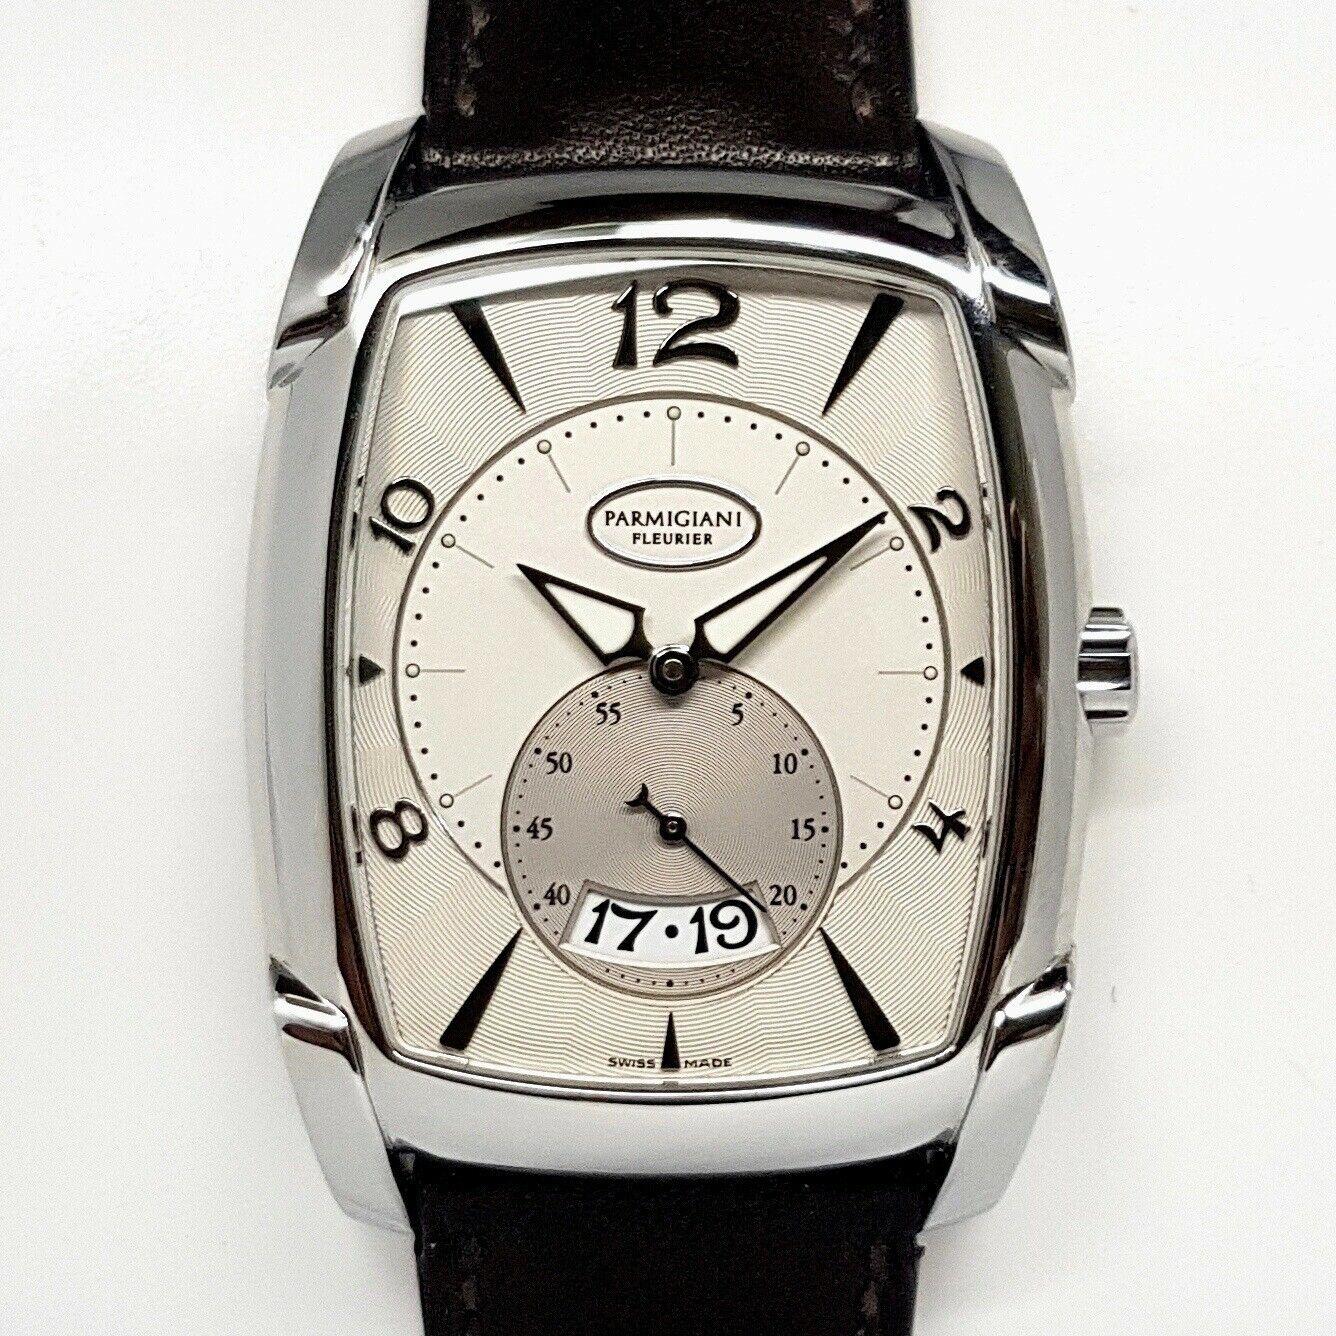 Stainless Steel Parmigiani Fleurier Kalpa XL PF013474 - watch picture 1
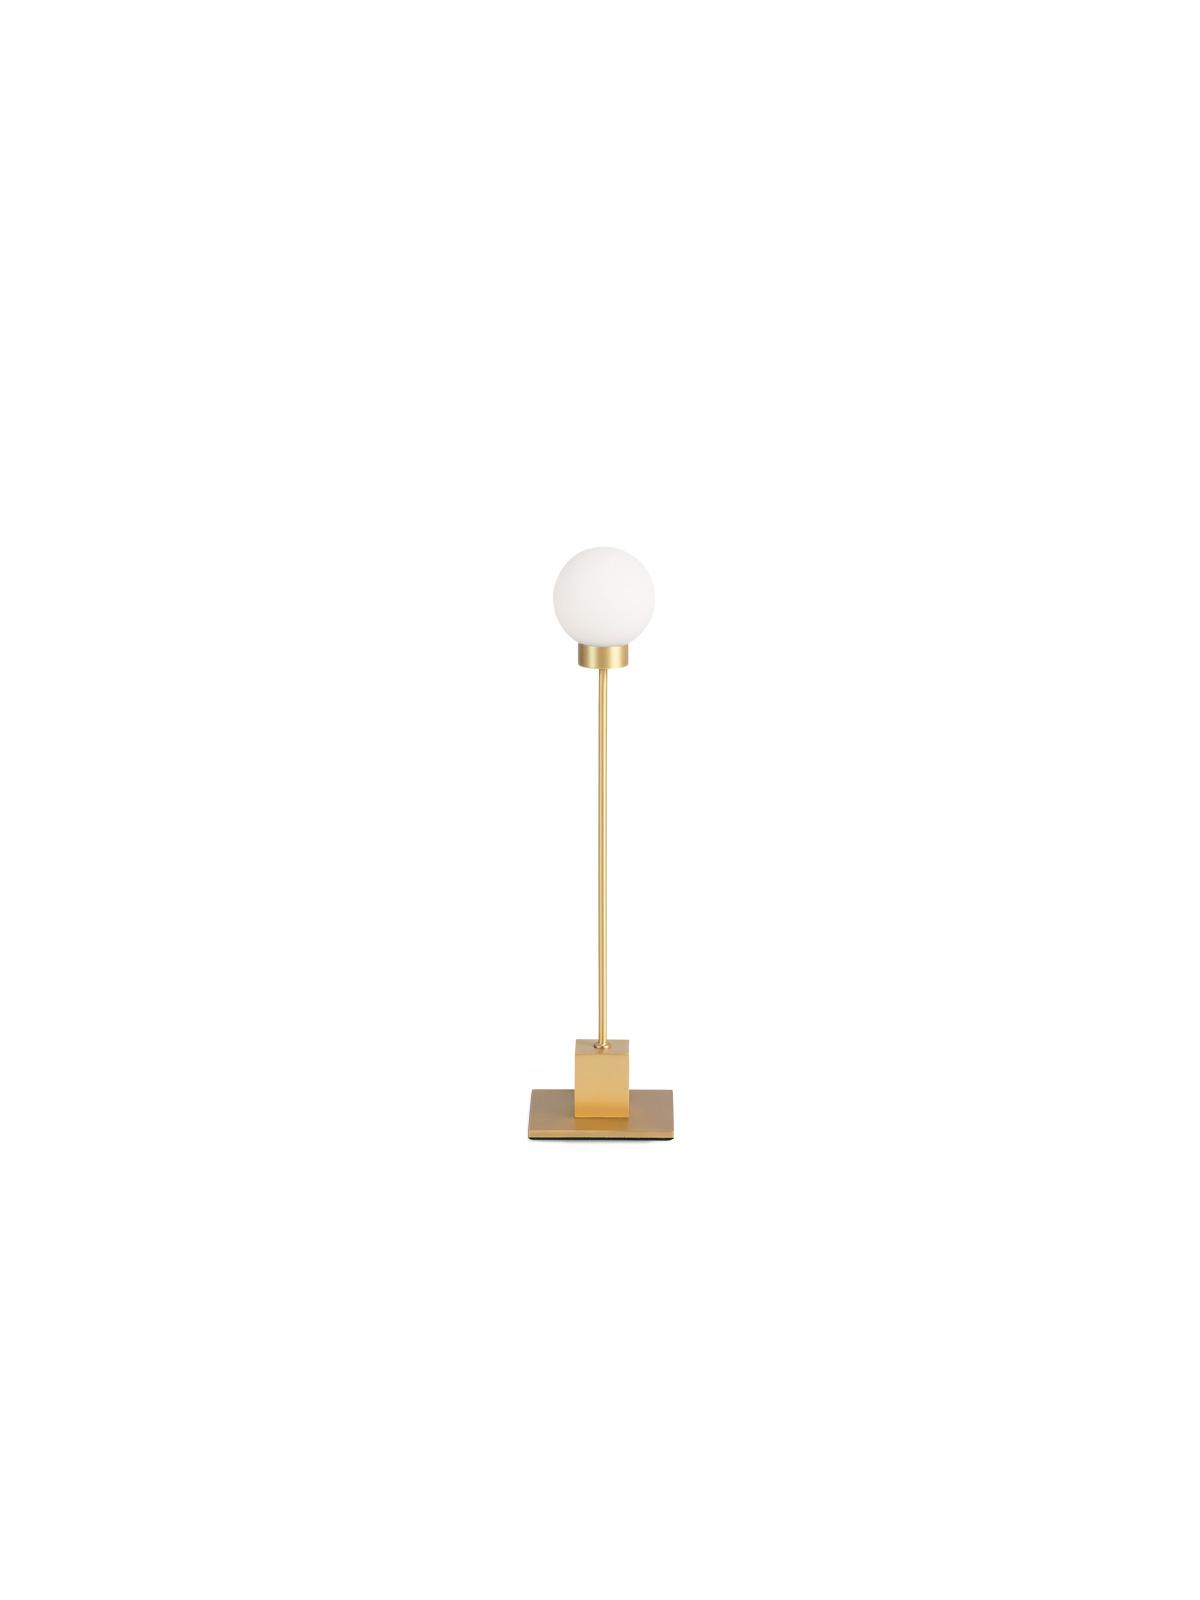 Northern Lighting Snow Ball Table Designort Lampen Berlin Onlineshop
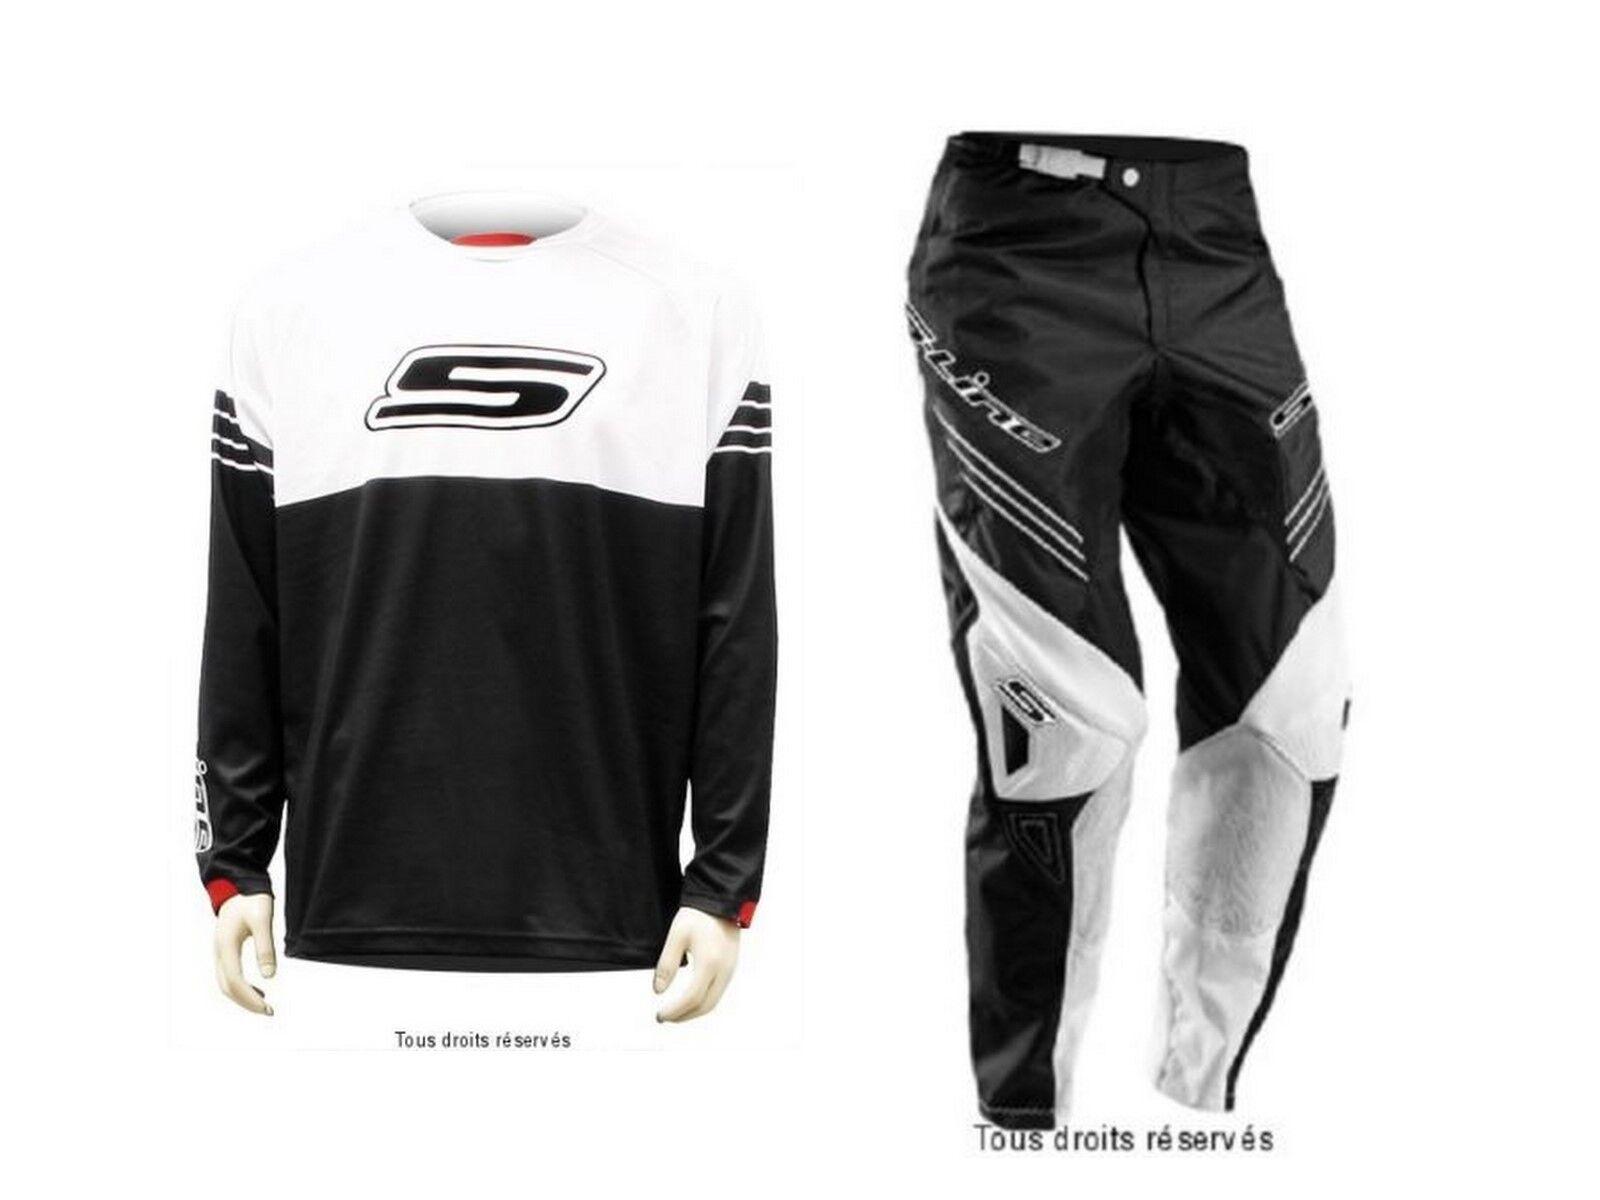 Uniforme motocross S-Line  whiteo   black pantalón FR   Camiseta XL  in stadium promotions

━━━━

● **The problem**
Leave out all pictures and extract exactly the lines from the line with "Northern Lighting Snow" through the end of the material.

● **Result of the exercise**
 Northern Lighting Snow Ball Table Designort Lampen Berlin Onlineshop
 Uniforme motocross S-Line  whiteo   black pantalón FR   Camiseta XL  in stadium promotions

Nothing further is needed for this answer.